Li Q G, Blacher R, Esch F, Congote L F
Endocrine Laboratory, Royal Victoria Hospital, Montreal, Canada.
Biochem Biophys Res Commun. 1990 Jan 30;166(2):557-61. doi: 10.1016/0006-291x(90)90844-d.
An 8 kd heparin-binding peptide which stimulates thymidine incorporation in cultures of fetal calf liver erythroid cells was isolated from fetal bovine serum by affinity chromatography on Heparin-Sepharose, ion exchange chromatography, gel filtration and reversed-phase HPLC. The N-terminal sequence of the isolated peptide was identical to the N-terminal sequence of bovine erythrotropin or insulin-like growth factor II (IGF II). The potential heparin-binding site of IGF II is probably situated in the arginine-rich C-peptide region. The affinities of human recombinant IGF I and II were compared with those of apolipoprotein H (a plasma heparin-binding protein) and bovine insulin in a heparin-affinity column. The retention times were in the order: Apolipoprotein H greater than hrIGF II greater than hrIGF I greater than insulin (no retention). This unusual property of IGF II suggests that it may be captured in the extracellular matrix in a similar way to fibroblast growth factor, interleukin 3 or granulocyte/macrophage colony-stimulating factor.

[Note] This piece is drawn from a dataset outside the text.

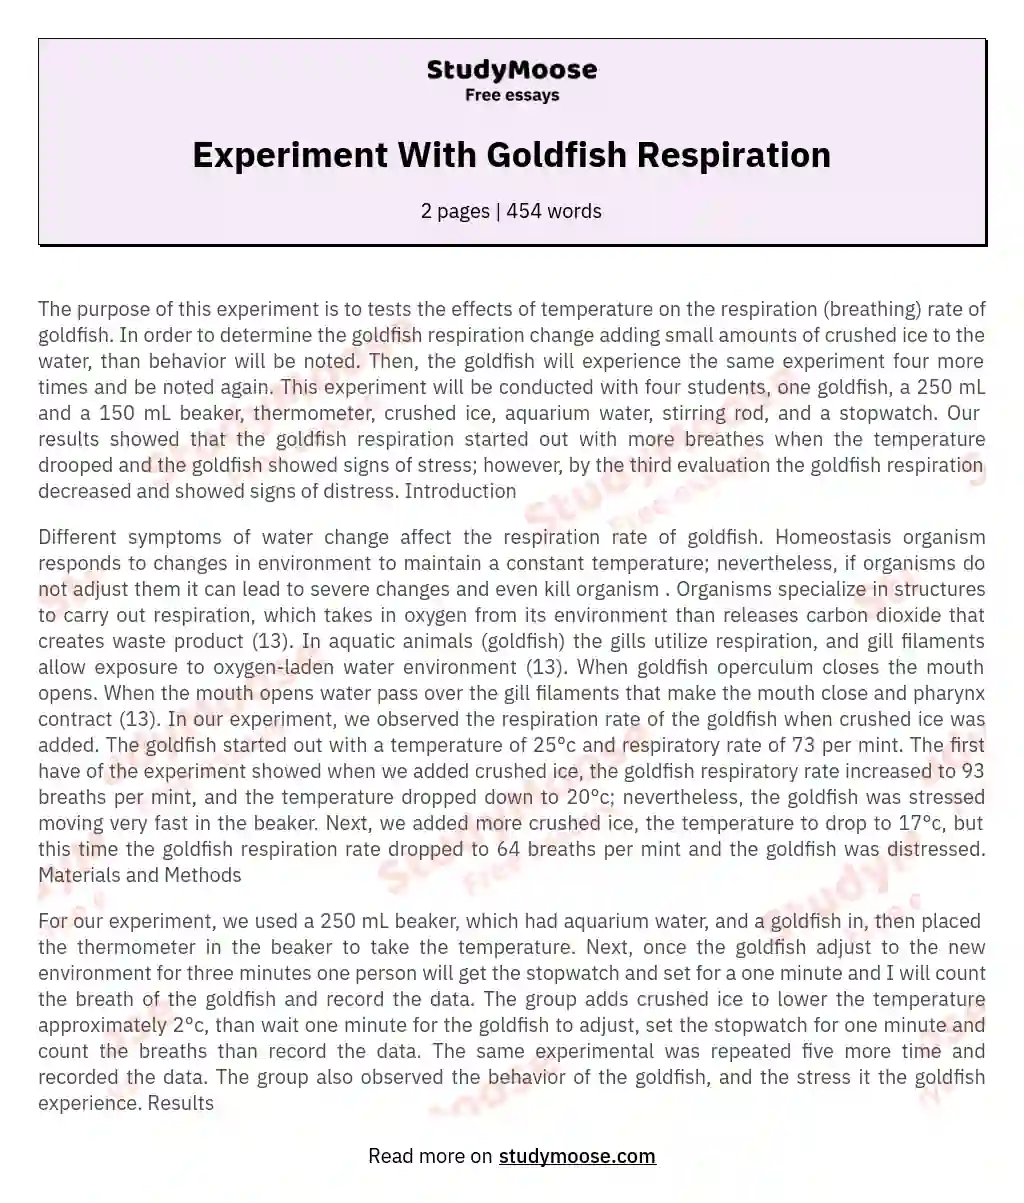 Experiment With Goldfish Respiration essay

通过肝素-琼脂糖亲和色谱、离子交换色谱、凝胶过滤和反相高效液相色谱从胎牛血清中分离出一种8kd的肝素结合肽,该肽可刺激胎牛肝红系细胞培养物中的胸腺嘧啶掺入。分离出的肽的N端序列与牛促红细胞生成素或胰岛素样生长因子II(IGF II)的N端序列相同。IGF II的潜在肝素结合位点可能位于富含精氨酸的C肽区域。在肝素亲和柱中比较了重组人IGF I和II与载脂蛋白H(一种血浆肝素结合蛋白)和牛胰岛素的亲和力。保留时间顺序为:载脂蛋白H>hrIGF II>hrIGF I>胰岛素(无保留)。IGF II的这种不寻常特性表明,它可能以与成纤维细胞生长因子、白细胞介素3或粒细胞/巨噬细胞集落刺激因子类似的方式被捕获在细胞外基质中。